1.2.1 Key Features of Amazon Athena

  • Serverless: Athena is serverless, which means you don’t have to manage any infrastructure or servers. You simply pay per query or per TB of data scanned.
  • SQL-Based: Athena allows you to run queries using SQL syntax, making it accessible to users with SQL knowledge.
  • Scalable and Fast: Athena is built to handle large amounts of data and return results quickly by scaling the resources needed to execute queries efficiently.
  • Integration with AWS Glue: You can use AWS Glue to automatically catalog data in S3, which makes it easier to query with Athena.

1.3 Why Use Amazon S3 and Amazon Athena Together?

Using Amazon S3 and Athena together is a powerful combination for big data analytics. By storing data in S3, you can have a centralized, highly available, and cost-effective data lake. Then, with Athena, you can query this data without moving or transforming it, saving both time and resources. This setup is particularly useful for large-scale analytics, reporting, and business intelligence applications.

2. Why IAM is Important for S3 and Athena Integration?

AWS Identity and Access Management (IAM) is a web service that helps you securely control access to AWS resources. IAM enables you to manage who can access resources in your AWS account and what actions they can perform. By defining fine-grained permissions, you can ensure that the right users have access to the right resources while protecting sensitive data and preventing unauthorized actions.

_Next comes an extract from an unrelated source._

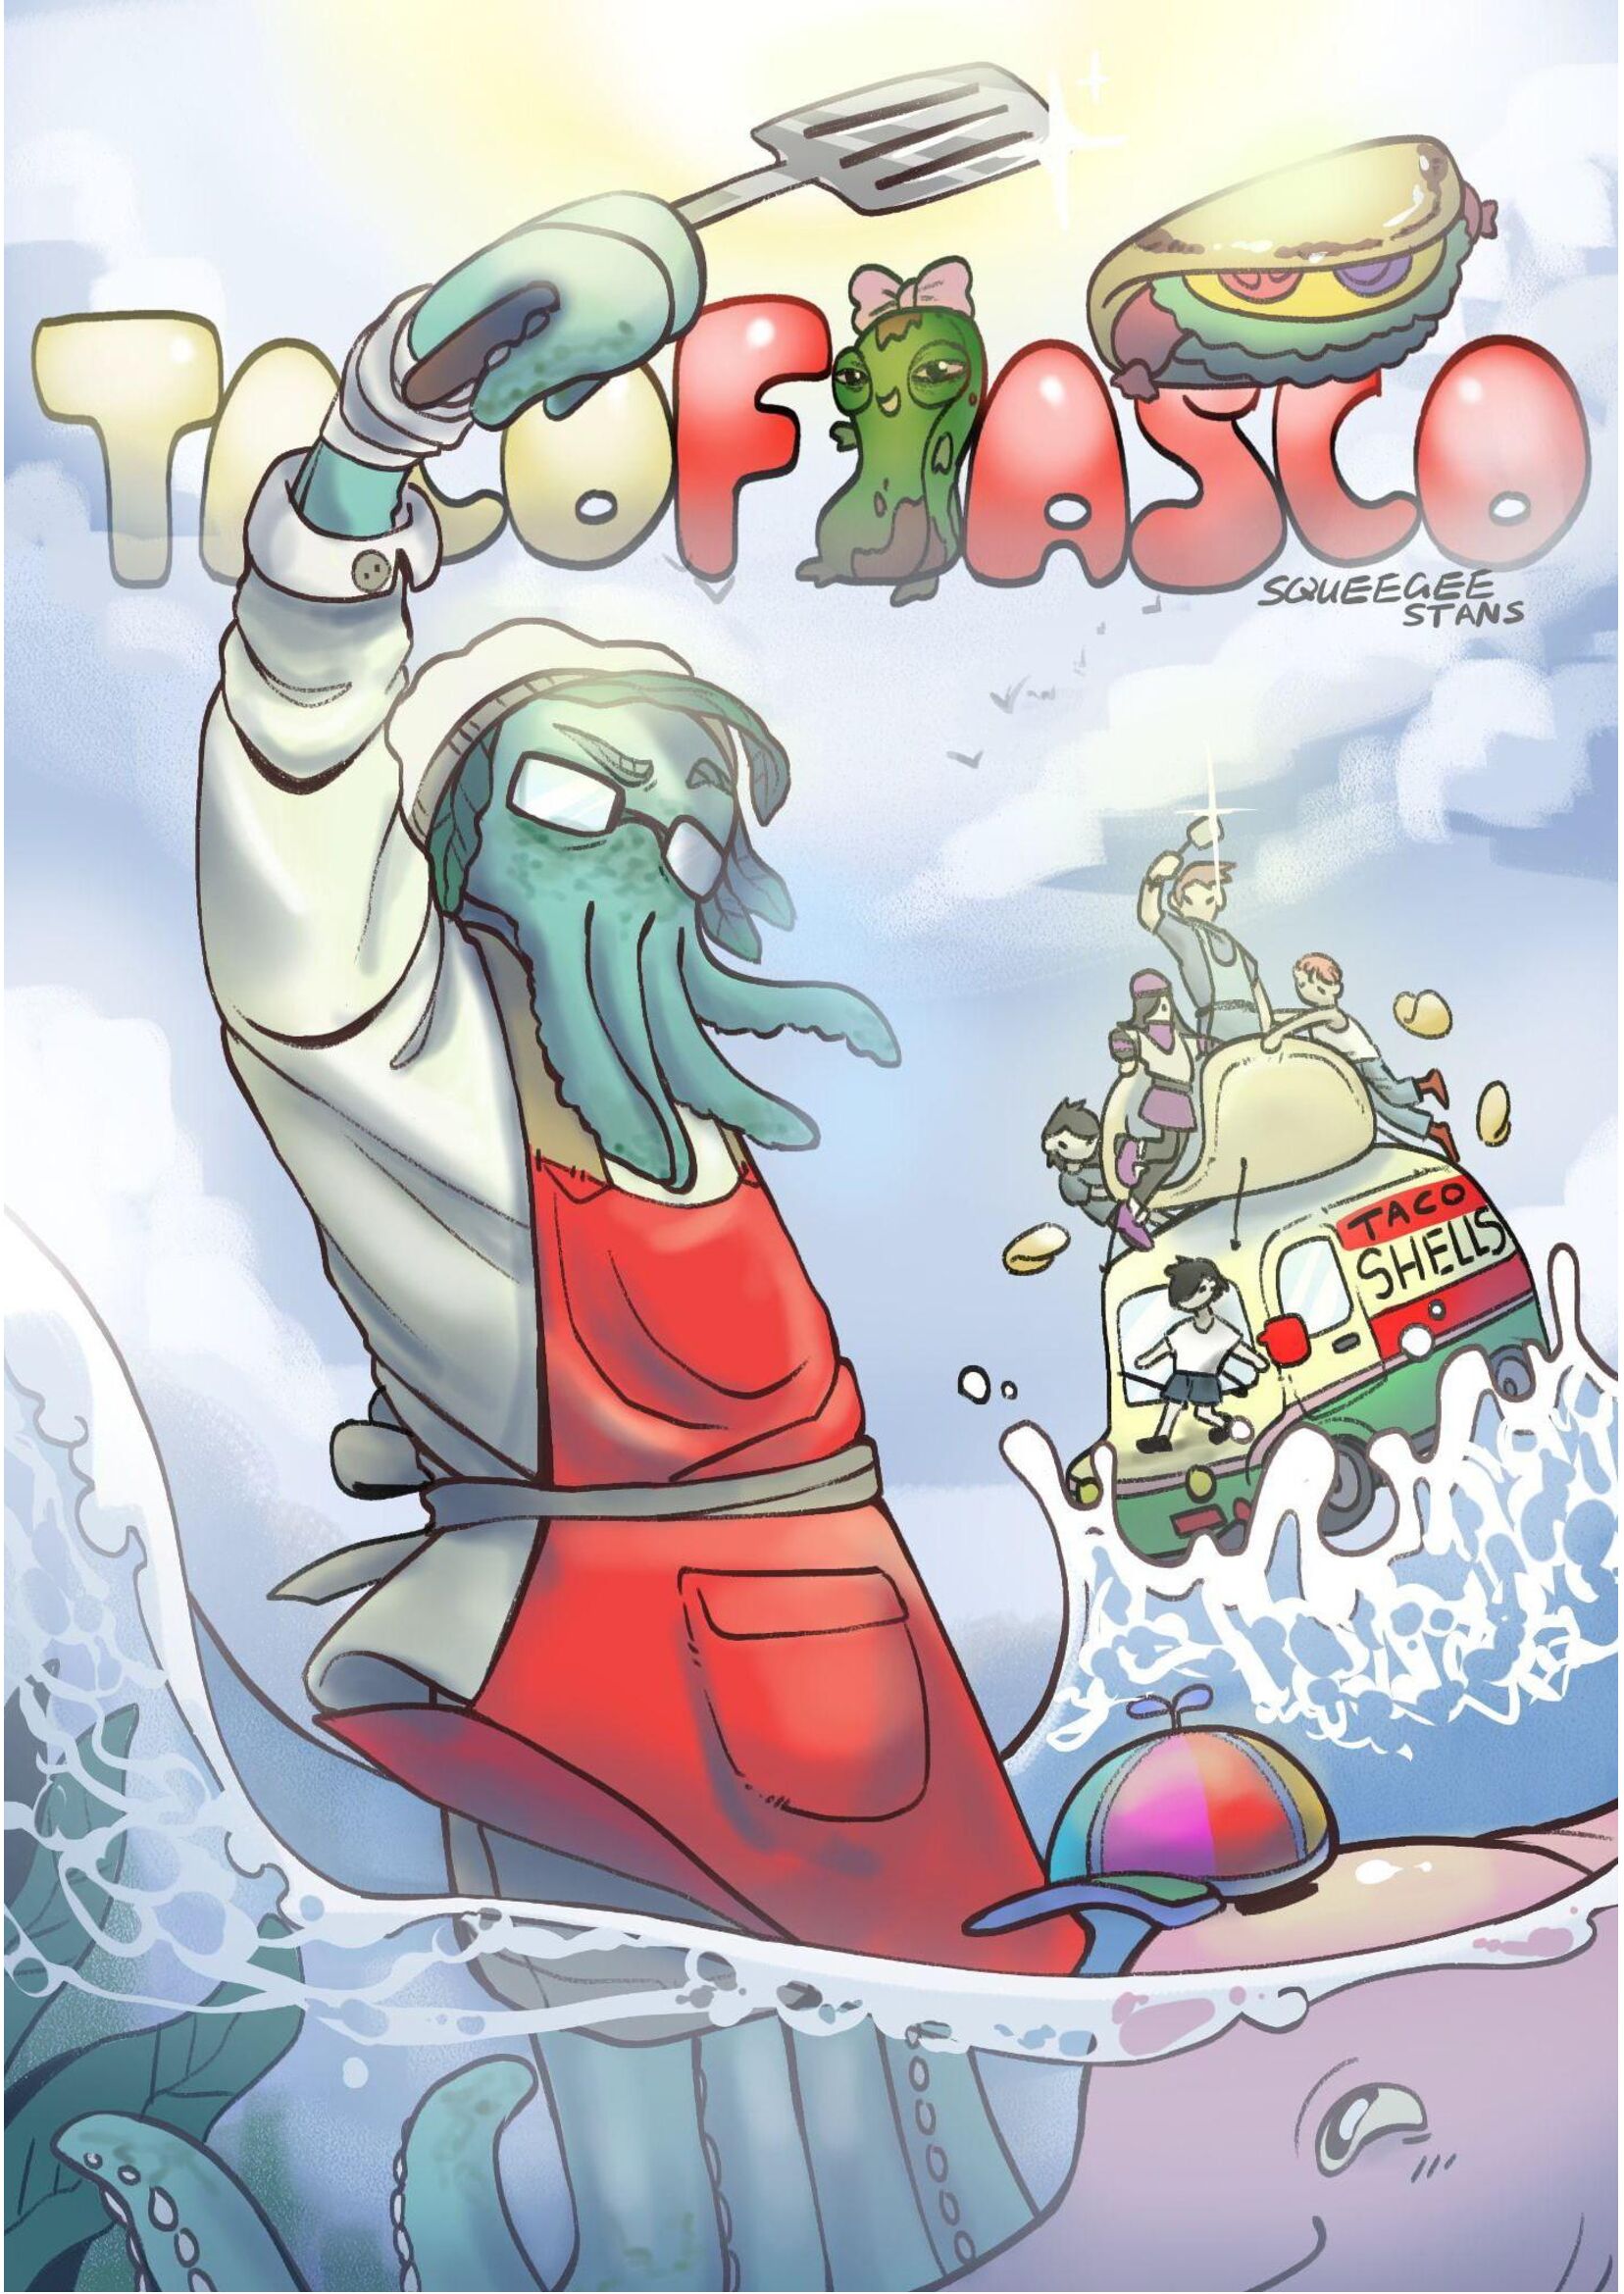 Taco Fiasco - Squeegee Stans

When using Amazon S3 and Athena in a Spring Boot application, IAM plays a critical role in securing access to these services. For instance:

  • S3 Permissions: IAM can control which users or applications can upload, download, or manage data in S3 buckets, helping prevent unauthorized access to stored data.
  • Athena Permissions: IAM policies can also grant or restrict access to Athena, ensuring that only authorized applications or users can execute queries, view results, or manage resources in Athena.
  • Temporary Roles for Applications: By using IAM roles, you can give your Spring Boot application temporary access to S3 and Athena, without embedding sensitive credentials in your codebase.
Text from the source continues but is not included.